When my mother left, she took with her my two younger siblings, both of the dogs, and almost all the furniture. She left my father to try to sell the place, gutted and hollow. I stayed with him.
One day I moved my stuff out of my bedroom and into the empty formal living room. It didn’t have a door, but it was so big, and I thought it would be cool—funny—to make it my room. I had the entire downstairs to myself. My dad’s bedroom was upstairs, at the end of the hallway. When he was upstairs and I was downstairs, I couldn’t even tell he was home.
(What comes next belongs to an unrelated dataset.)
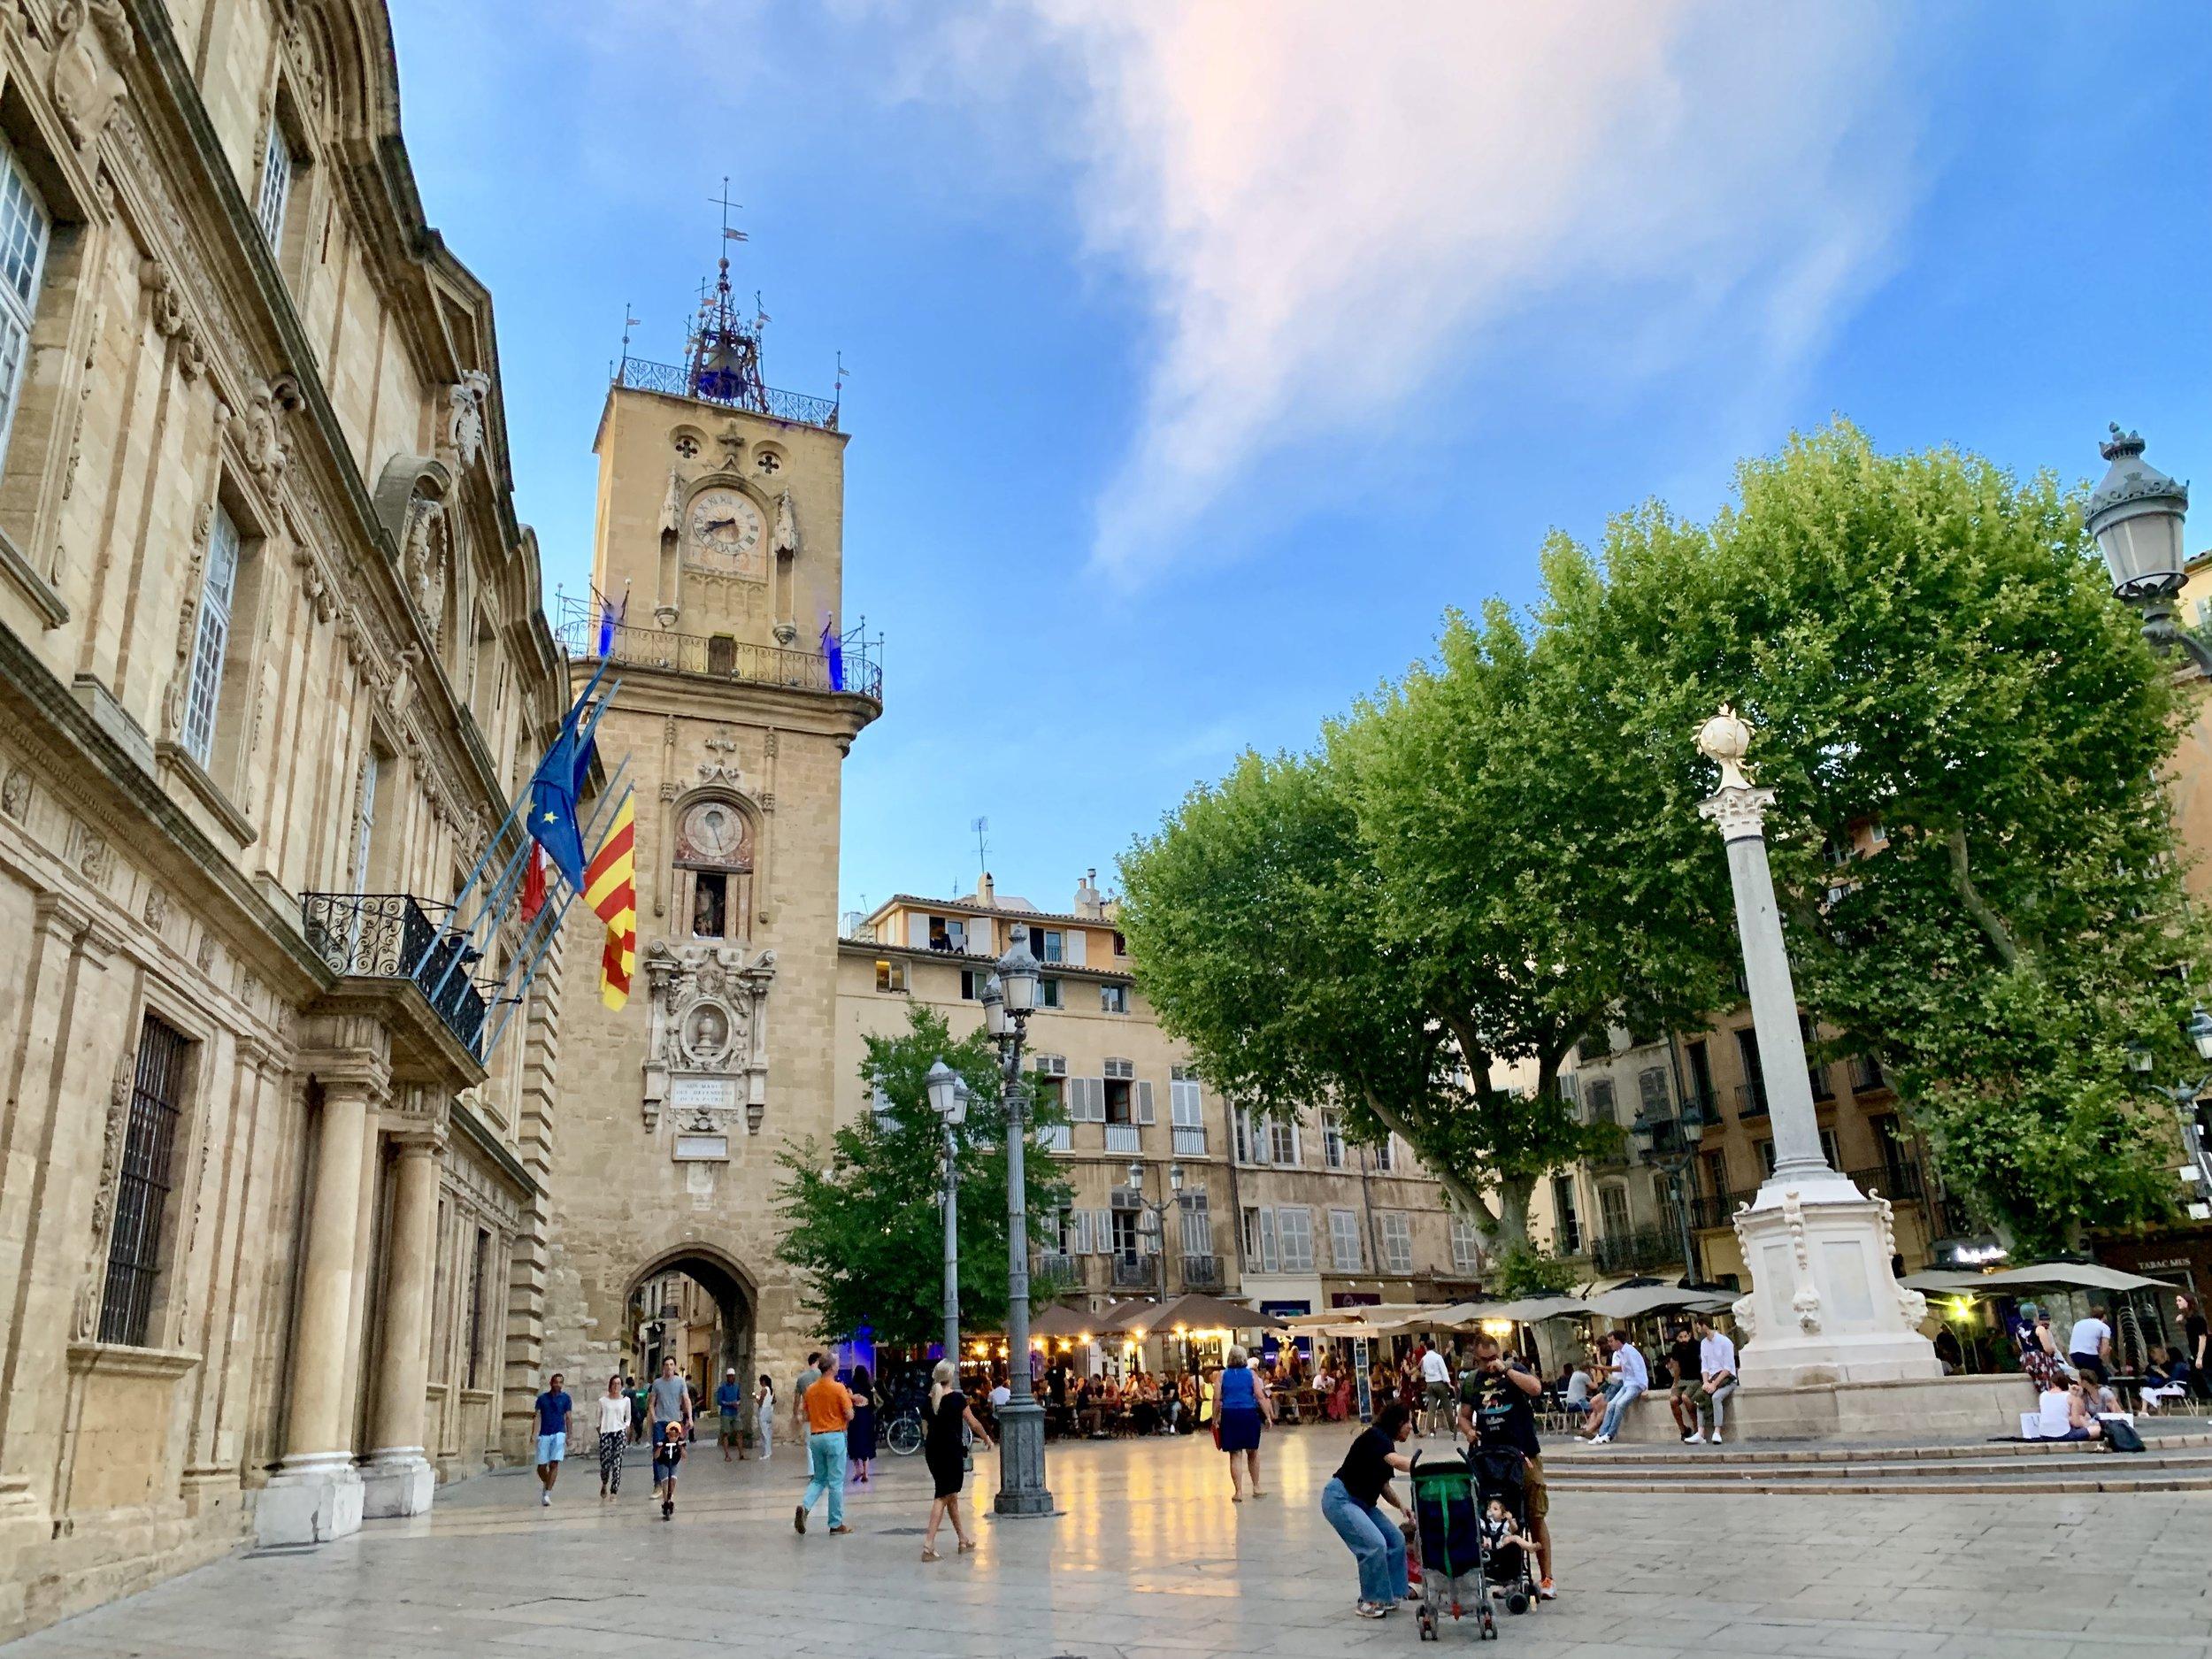 Aix-en-Provence-Old-Town-3.jpg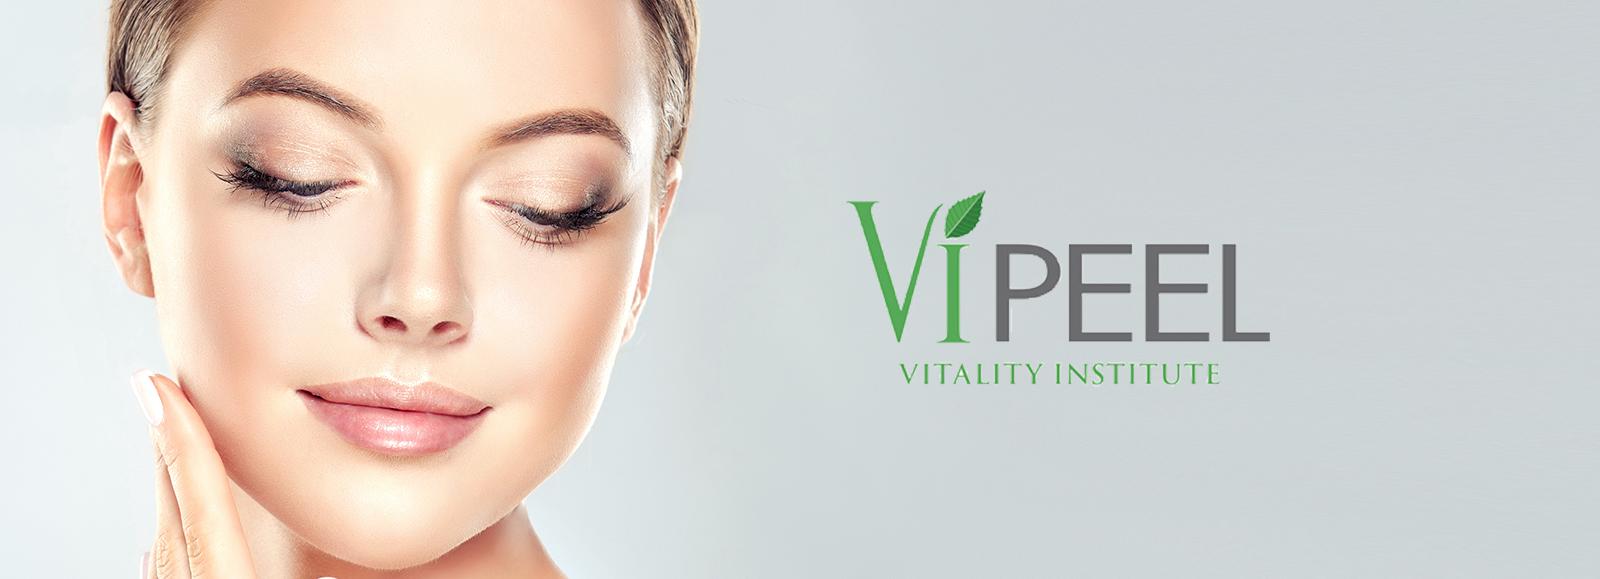 VIPeel

Most mornings, my dad left a twenty-dollar bill on the kitchen counter, and sometimes that would be all I saw of him for the day—his money.
It echoed, the house.
My best friend Shayna and I rifled through my dad’s pockets and drawers and found his stash, smoked it out back on the swing set. We wandered stoned through the empty rooms, turning cartwheels and talking about how cool it was—the space, the freedom. The weed.
Eventually Shayna would go home to her family for dinner and I would microwave something or decide I didn’t need to eat anyway because it would be good to lose a couple of pounds, to touch back down under one hundred and ten. I would flip through books or turn on the television for company. I would visit my little sister’s and brother’s bedrooms. I’d stare at the indentations in the carpet, where their furniture once had been.
I’d listen for the tinkle of dog tags, for claws against the marble floor in the foyer, for laughter or bickering or anything. That was what haunted me, when I was seventeen—the specter of my loneliness. The weight of absence. And in the vast space of it, I tried to become a ghost, starving the fat from my bones, floating my thoughts away on exhalations of smoke. I dared myself to disappear, too.